* DATA SECTION *
=== Section Start ===

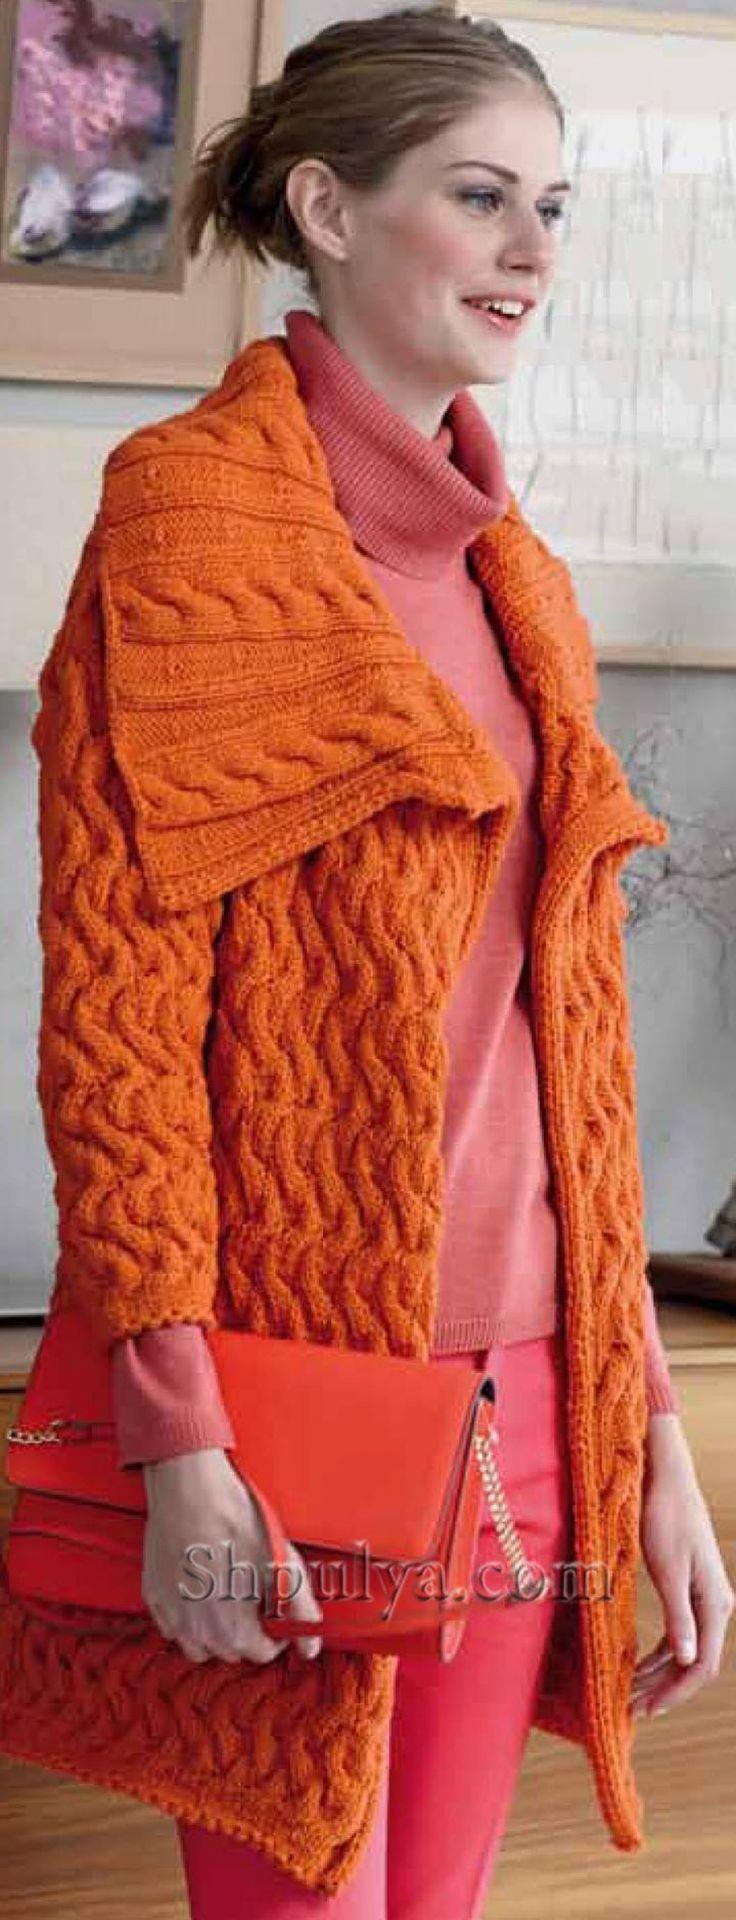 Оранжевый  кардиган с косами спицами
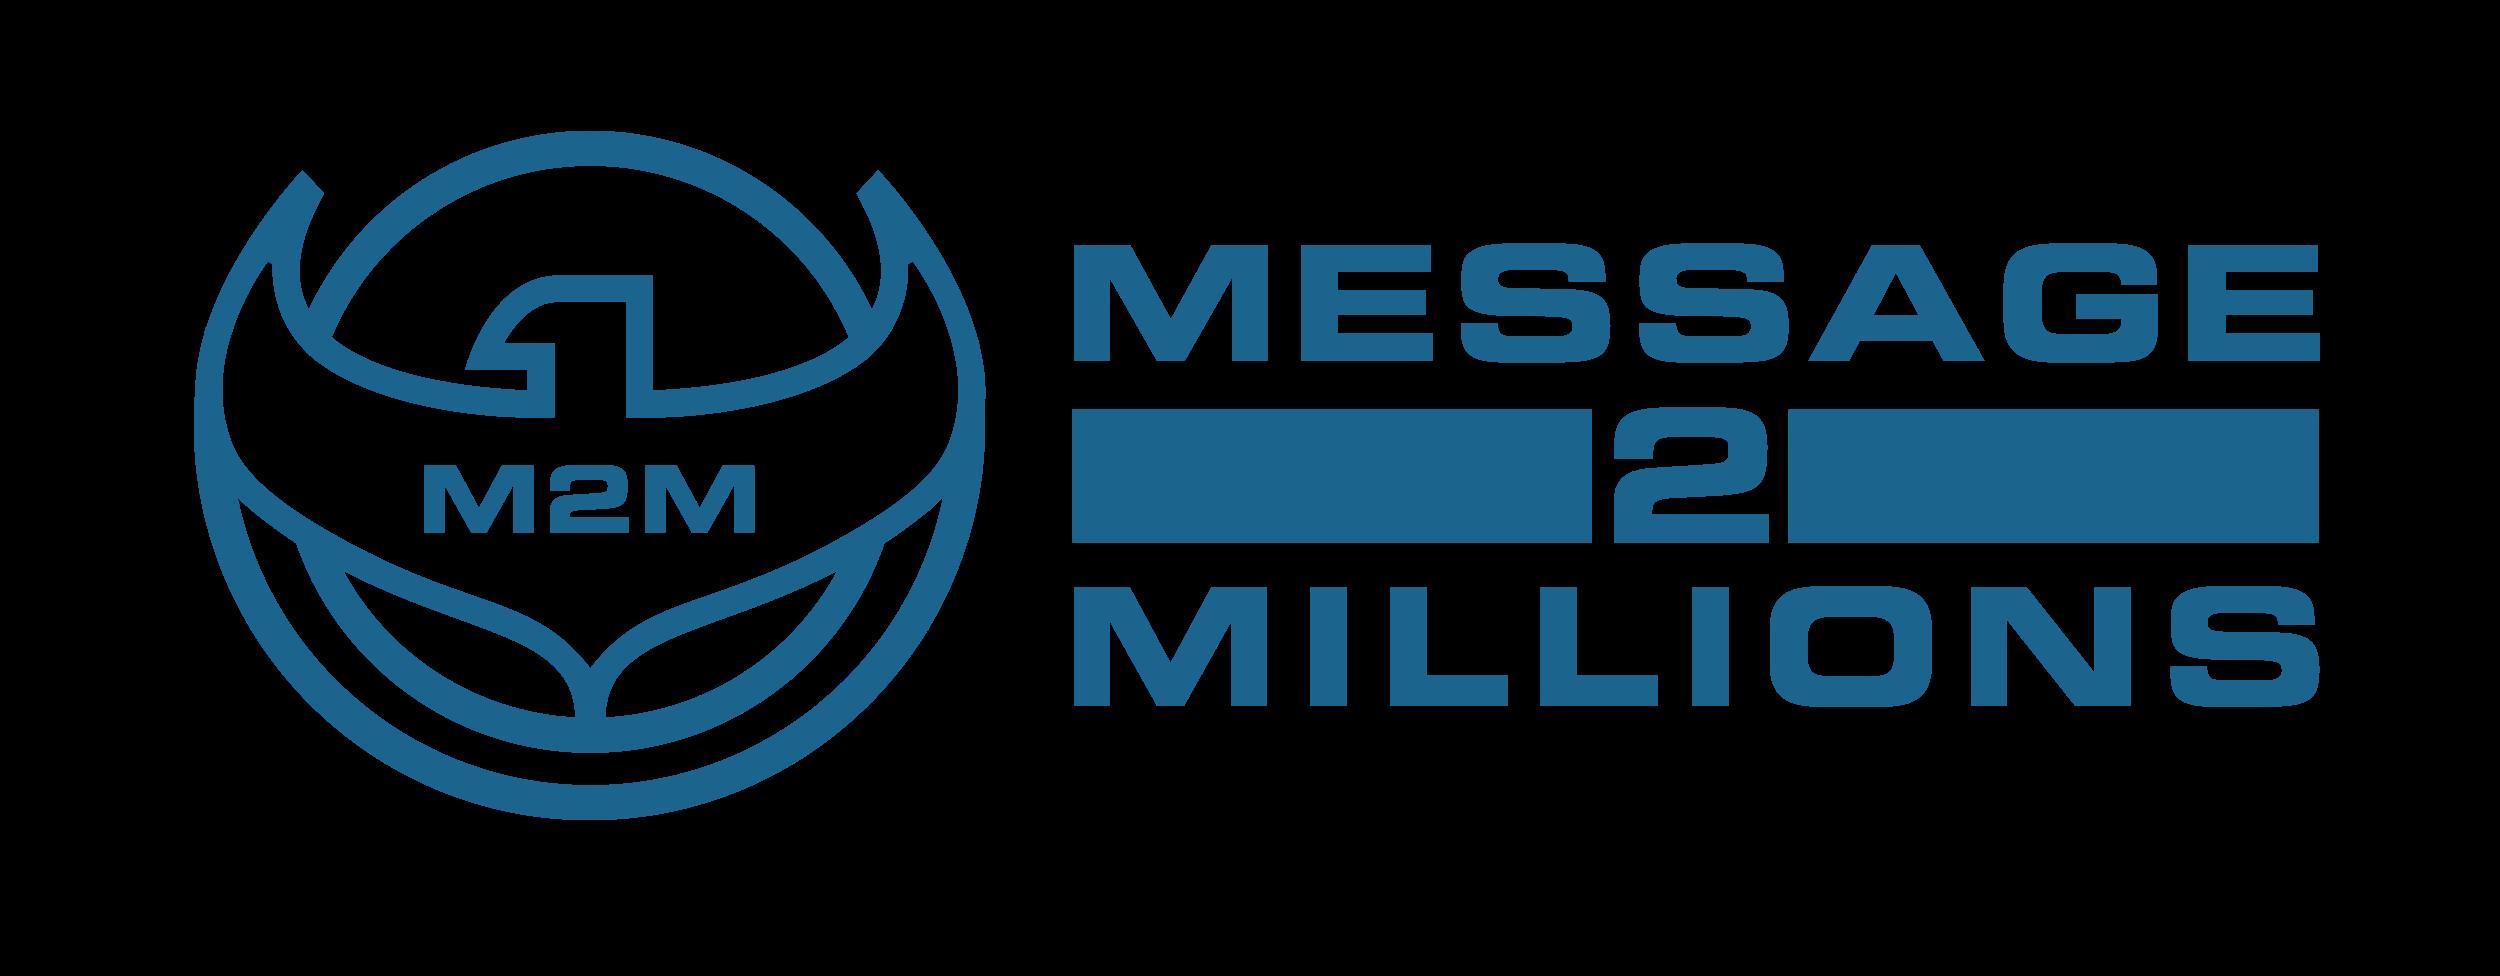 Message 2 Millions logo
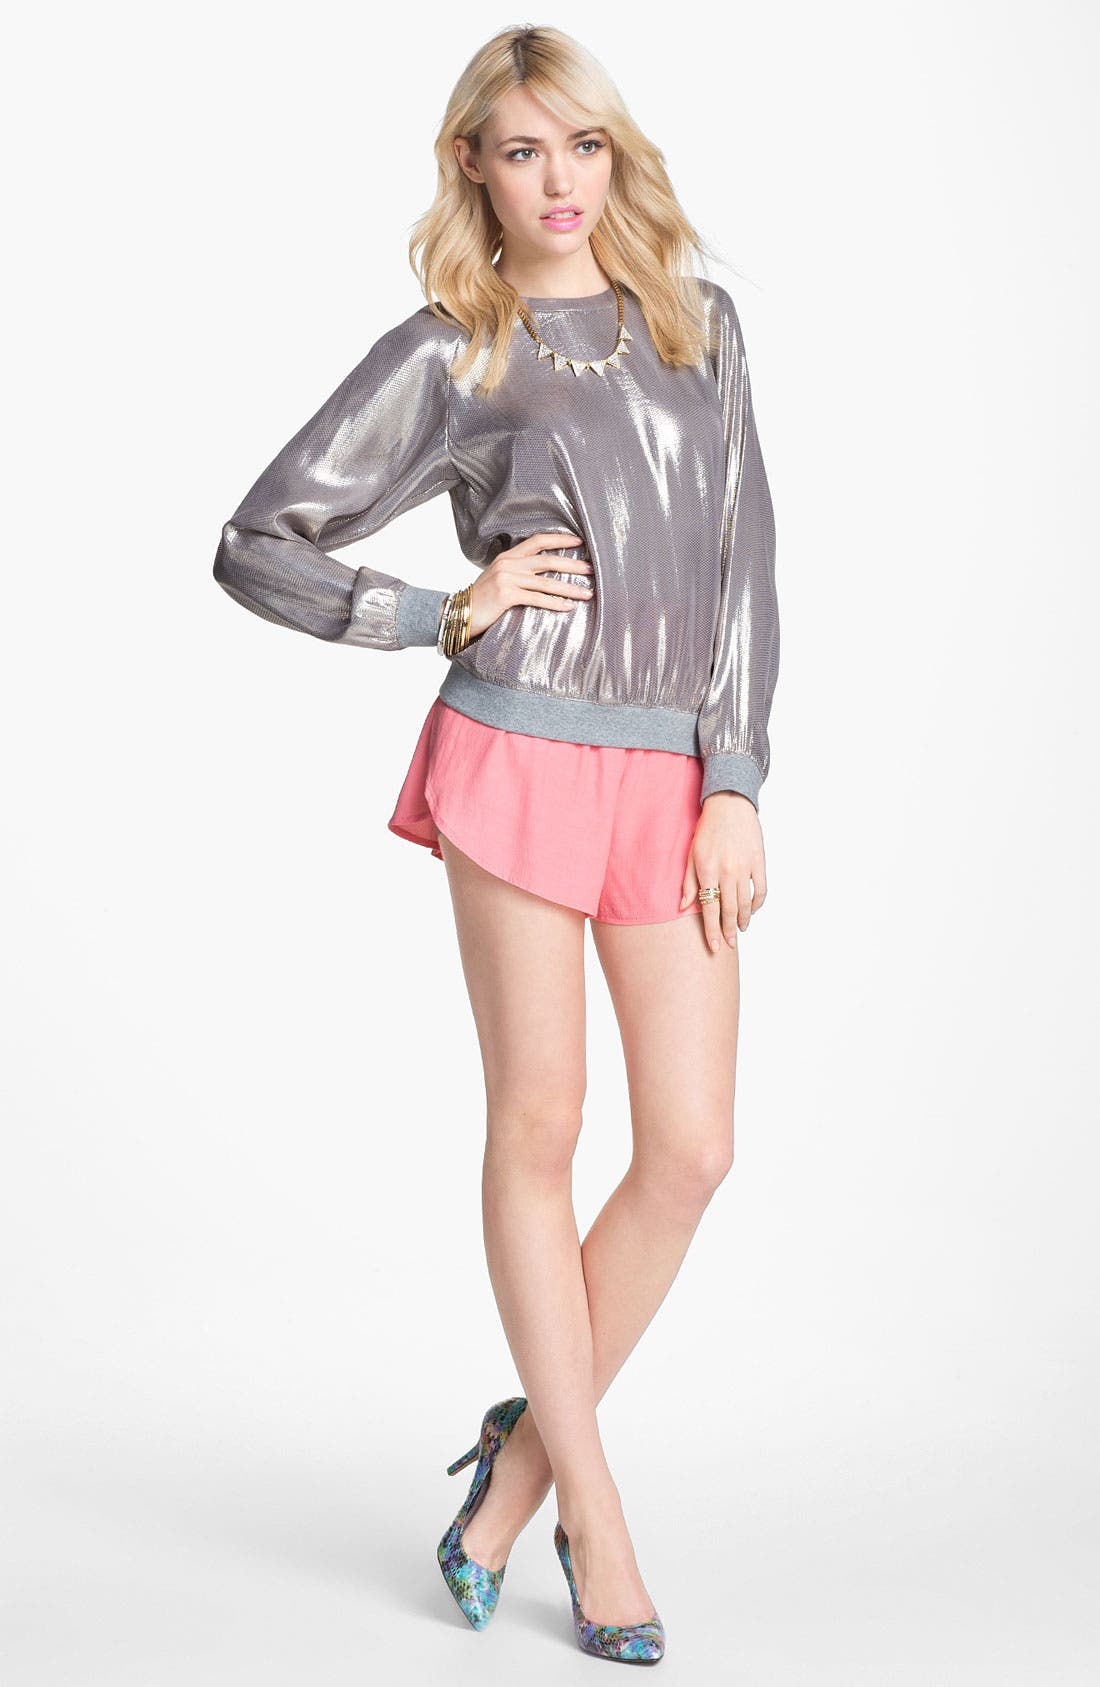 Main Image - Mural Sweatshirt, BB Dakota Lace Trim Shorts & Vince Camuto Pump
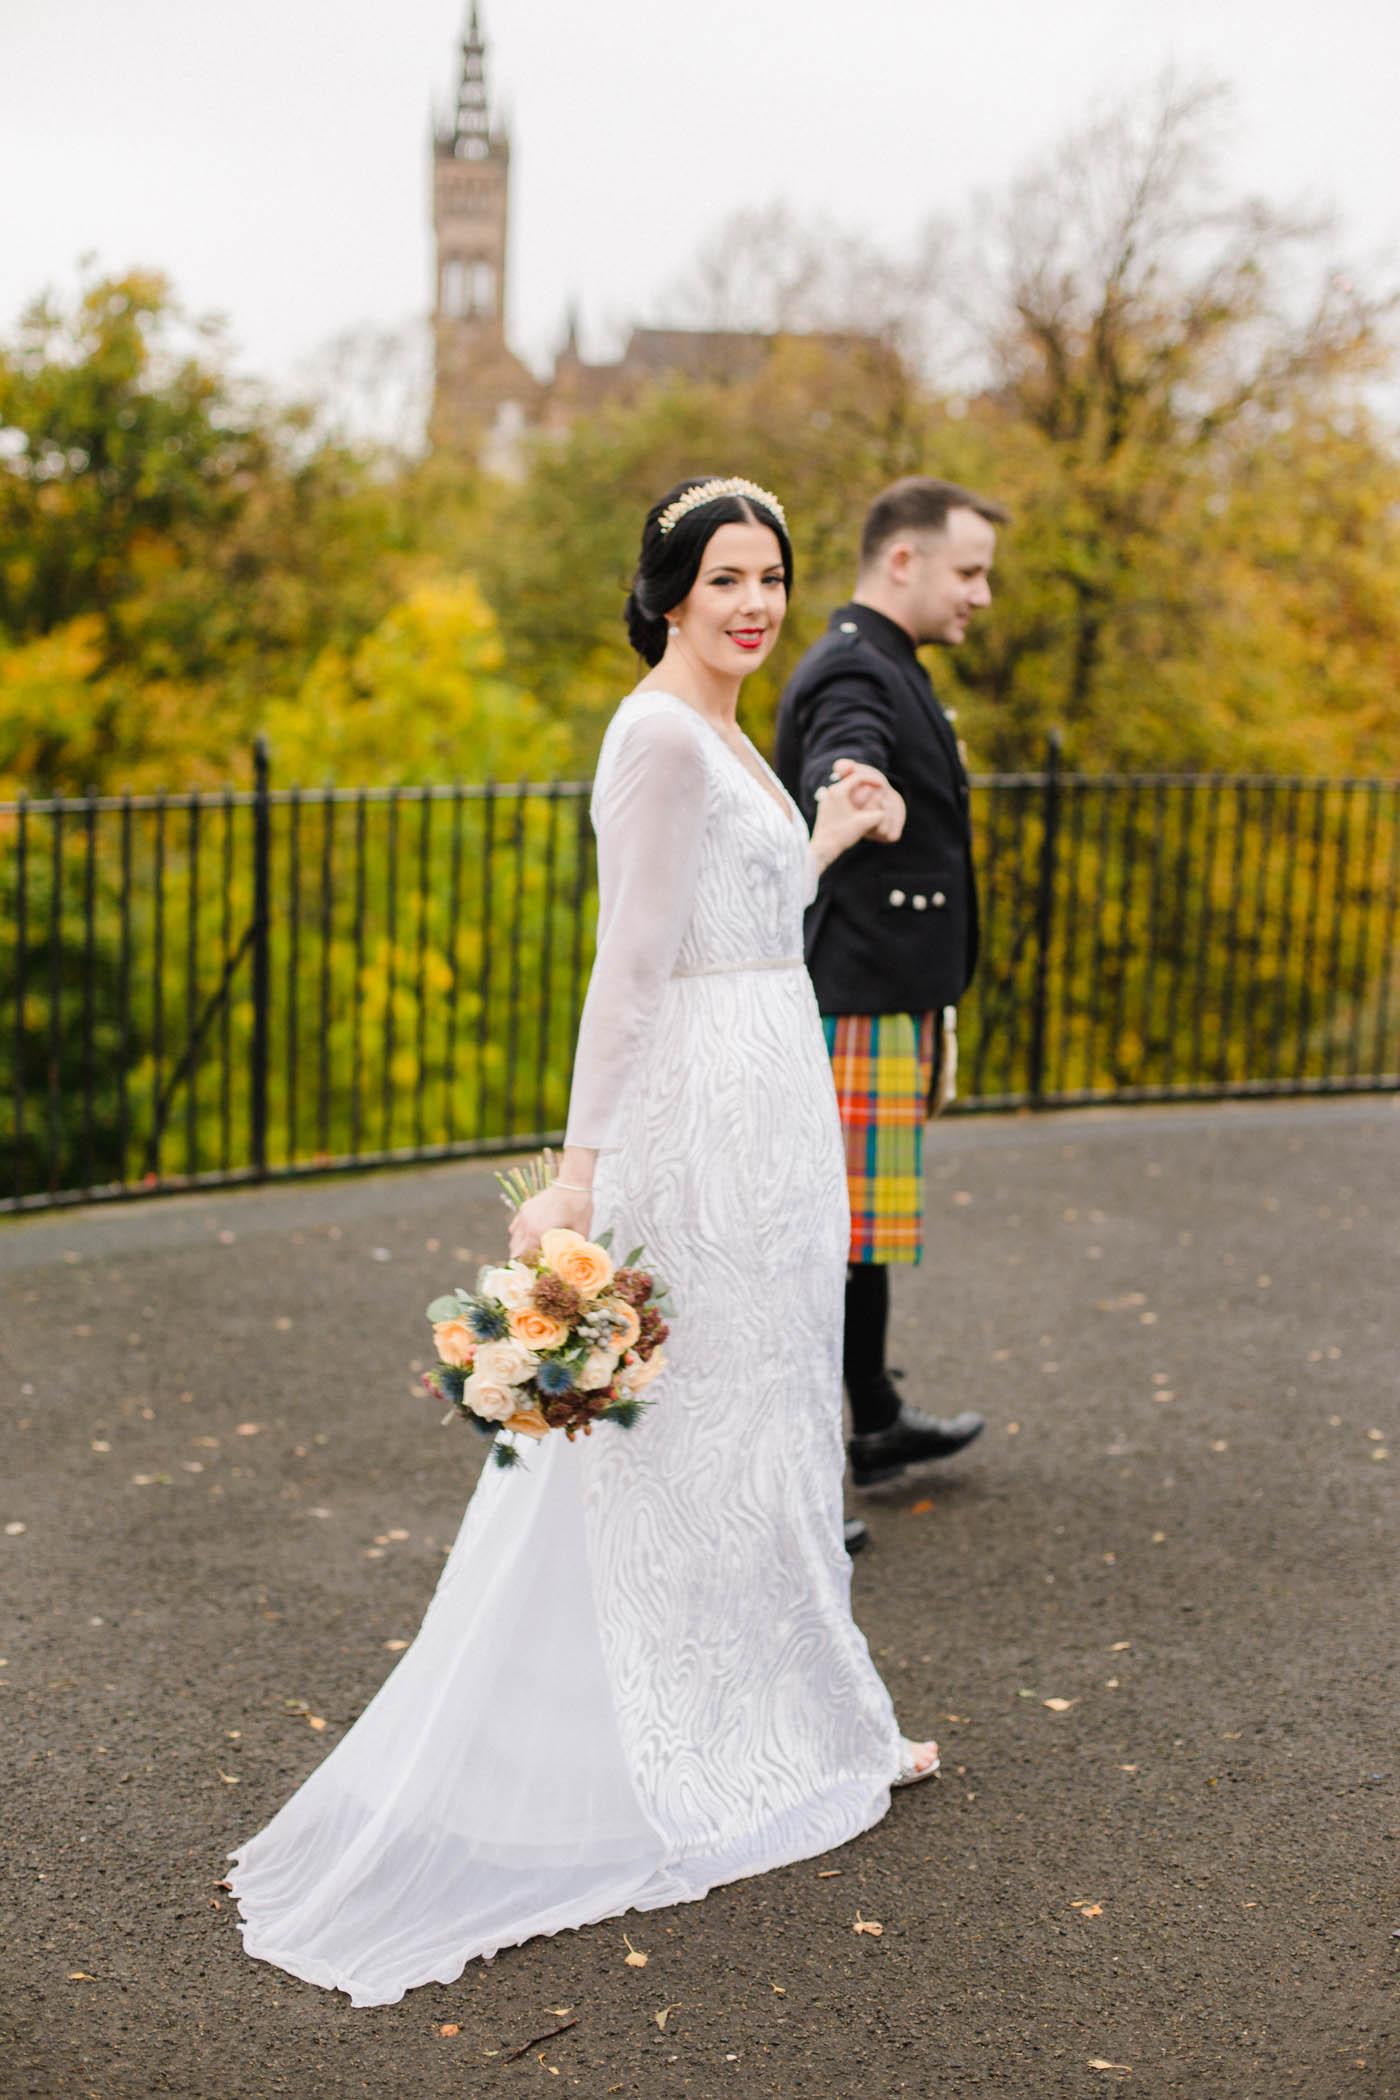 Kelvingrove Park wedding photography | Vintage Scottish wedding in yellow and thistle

=== Section End ===

* WORK REQUEST *
Output the listing exactly. Leave out any image.

* WRITTEN SOLUTION *
 Оранжевый  кардиган с косами спицами
 Message 2 Millions logo
 Main Image - Mural Sweatshirt, BB Dakota Lace Trim Shorts & Vince Camuto Pump
 Kelvingrove Park wedding photography | Vintage Scottish wedding in yellow and thistle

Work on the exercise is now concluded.